[Opening Data under study section]
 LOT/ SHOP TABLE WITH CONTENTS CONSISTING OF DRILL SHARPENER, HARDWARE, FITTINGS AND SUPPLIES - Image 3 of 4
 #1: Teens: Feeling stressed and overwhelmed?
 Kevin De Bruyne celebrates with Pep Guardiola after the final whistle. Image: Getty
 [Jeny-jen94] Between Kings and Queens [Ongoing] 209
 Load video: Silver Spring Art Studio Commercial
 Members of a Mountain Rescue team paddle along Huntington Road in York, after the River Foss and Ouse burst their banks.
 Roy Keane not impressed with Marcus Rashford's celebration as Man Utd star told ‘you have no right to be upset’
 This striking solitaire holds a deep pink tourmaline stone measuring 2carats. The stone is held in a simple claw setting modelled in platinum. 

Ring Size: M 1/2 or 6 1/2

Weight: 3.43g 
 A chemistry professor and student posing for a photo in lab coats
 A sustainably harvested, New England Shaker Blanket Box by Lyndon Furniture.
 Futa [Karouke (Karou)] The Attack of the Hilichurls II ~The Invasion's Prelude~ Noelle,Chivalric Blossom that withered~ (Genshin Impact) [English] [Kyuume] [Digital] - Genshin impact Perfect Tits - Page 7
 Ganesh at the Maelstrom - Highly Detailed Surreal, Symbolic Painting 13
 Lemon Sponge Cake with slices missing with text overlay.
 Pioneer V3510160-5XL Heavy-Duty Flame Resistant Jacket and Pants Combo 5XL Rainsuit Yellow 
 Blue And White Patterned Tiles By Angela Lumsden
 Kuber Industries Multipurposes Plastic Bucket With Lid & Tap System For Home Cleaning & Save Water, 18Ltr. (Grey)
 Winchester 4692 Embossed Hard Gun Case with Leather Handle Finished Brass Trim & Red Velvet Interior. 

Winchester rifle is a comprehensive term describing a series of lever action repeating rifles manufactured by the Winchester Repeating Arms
[Closing Data under study section]
Task brief:
Only lines with the word "Image" are wanted, so copy each one from the records.

Solution below:
 LOT/ SHOP TABLE WITH CONTENTS CONSISTING OF DRILL SHARPENER, HARDWARE, FITTINGS AND SUPPLIES - Image 3 of 4
 Kevin De Bruyne celebrates with Pep Guardiola after the final whistle. Image: Getty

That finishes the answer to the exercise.